Critical CVEs per host

This query utilises starboard, starboard-exporter and kube-prometheus-stack to give a rough estimation of the risk on a host.

sum by (node) (max by (namespace, pod) (max by (image)(label_join(label_join(starboard_exporter_vulnerabilityreport_image_vulnerability_severity_count{severity="CRITICAL"}, "image", "/","image_registry", "image_repository"), "image", ":", "image", "image_tag")) * on (image) group_right kube_pod_container_info) * on(namespace, pod) group_right kube_pod_info)
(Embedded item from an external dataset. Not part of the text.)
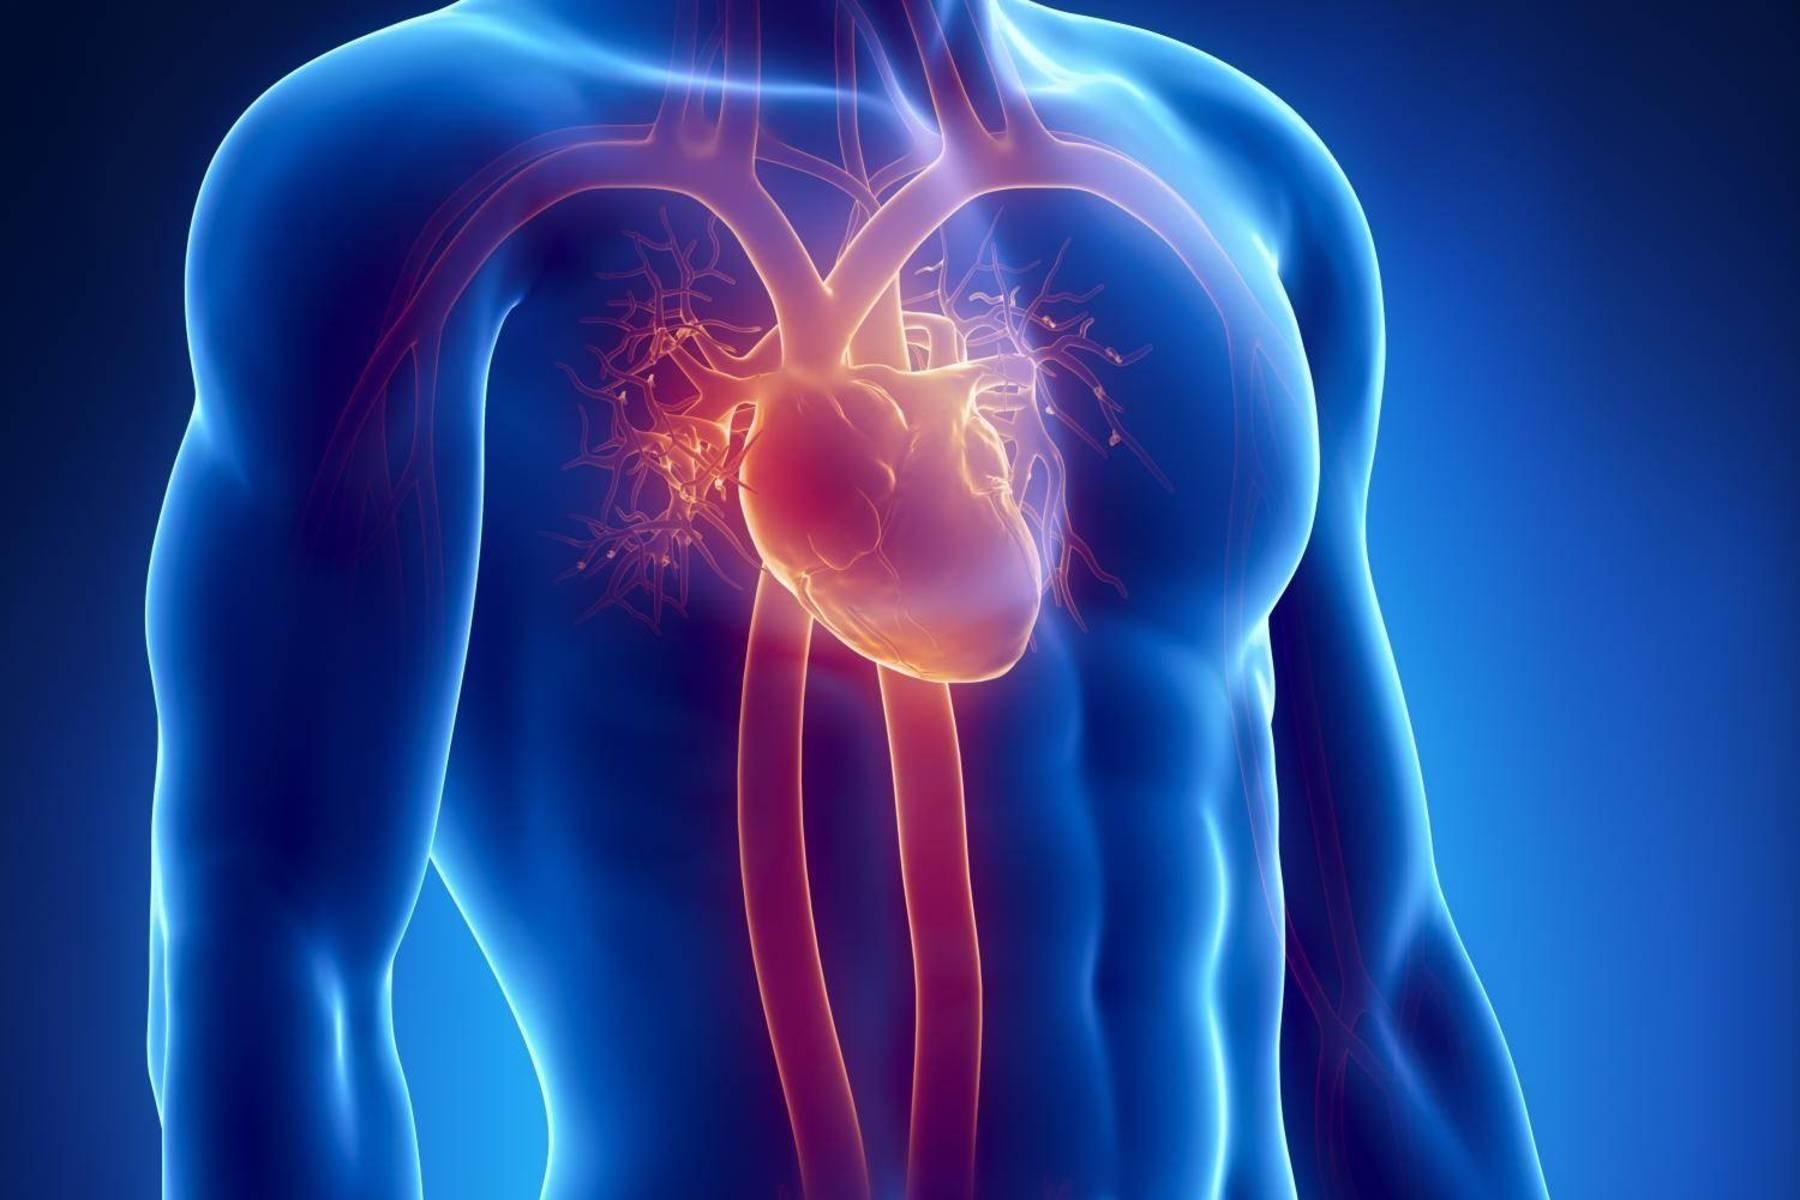 cum vene vene afectează inima
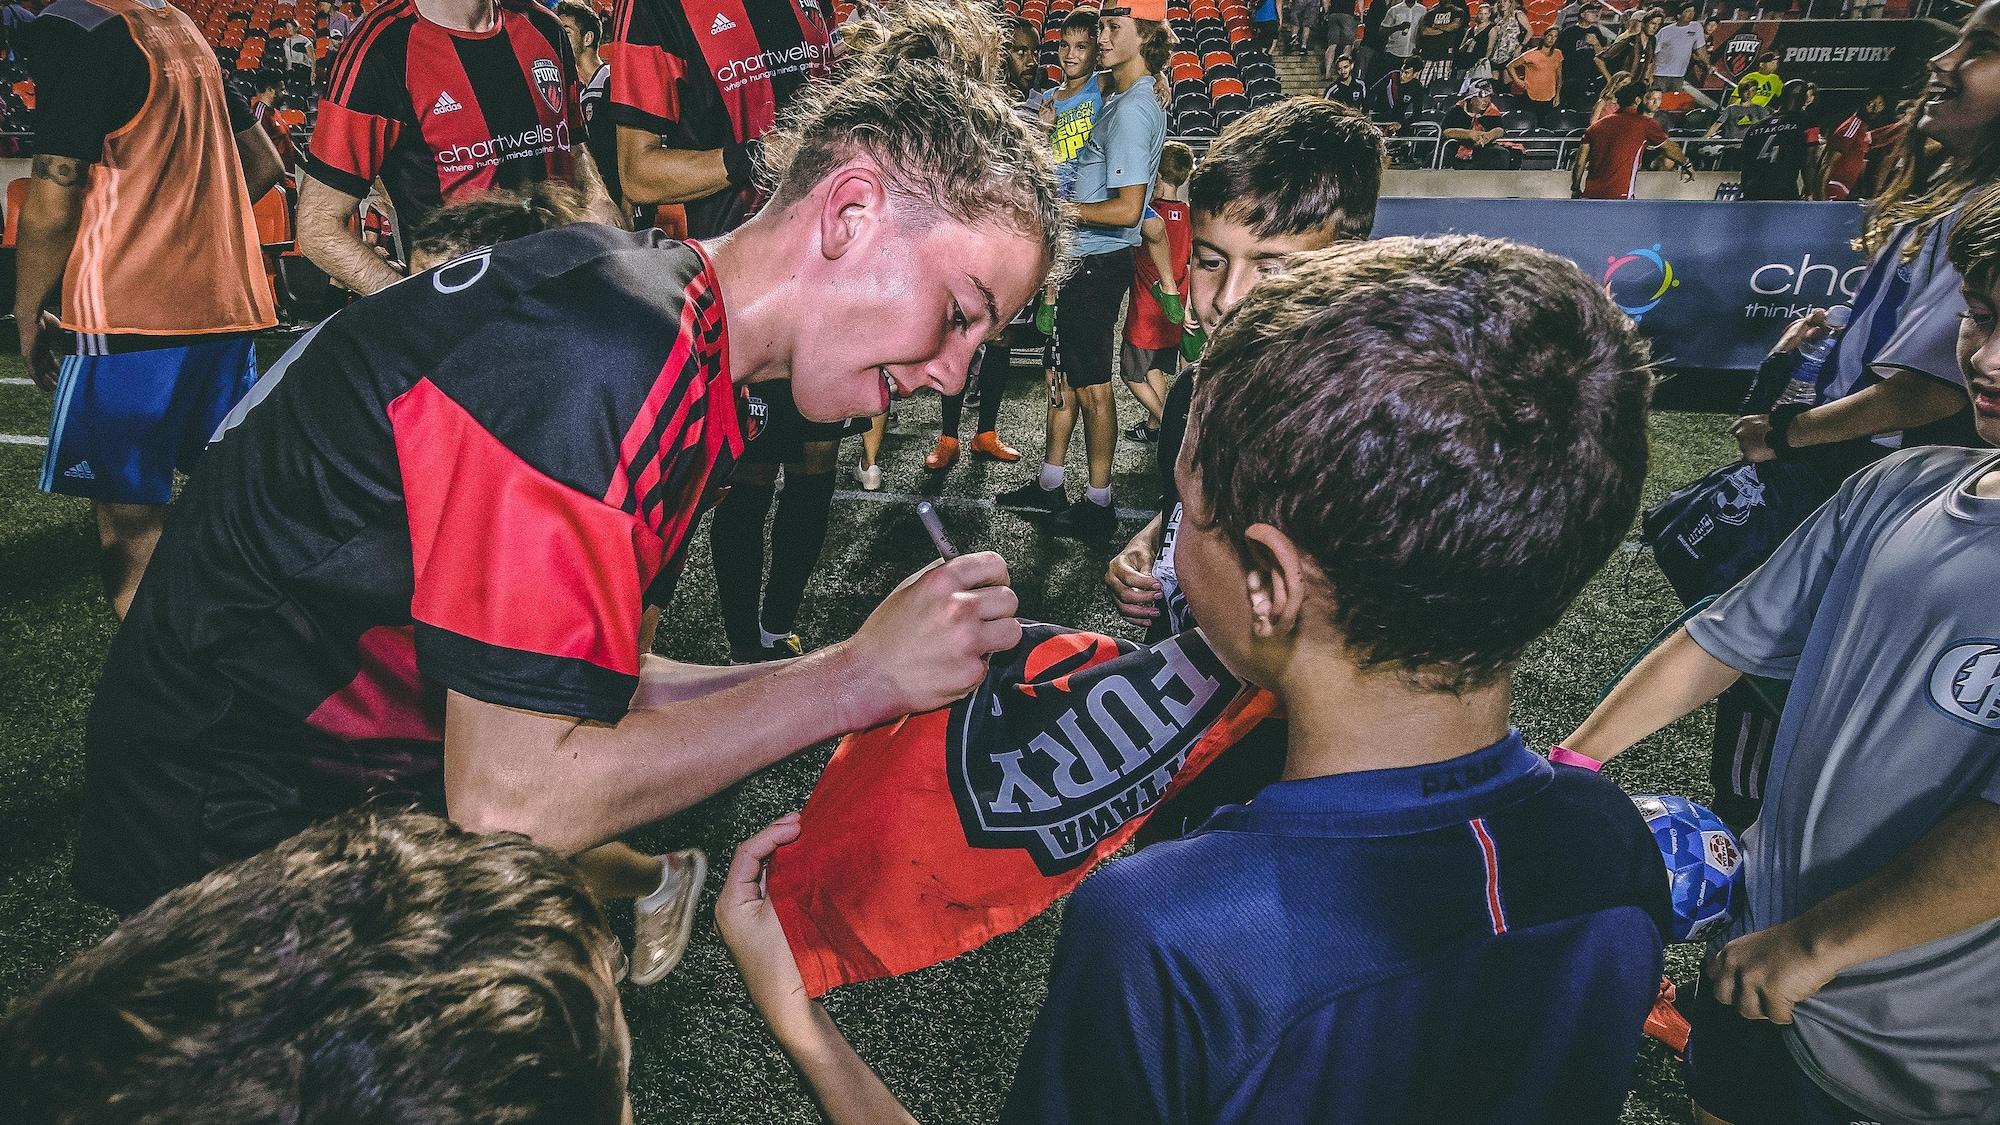 Antoine Coupland donne son autographe à un jeune amateur du Fury après le match du 20 juillet.

First it re-creates the image name (registry/repository:tag), then identifies the pods, which run this image, and finally maps the pods that run this image to the host the pod is running on. With the result that one can count the CVEs on a host and assess some basic risks.

Note: This will double-count CVEs if e.g. 2 pods of the same deployment run on the same host. That’s something to be aware when trying to trust this metrics. Modifying the metric to look into specifics is therefore recommended.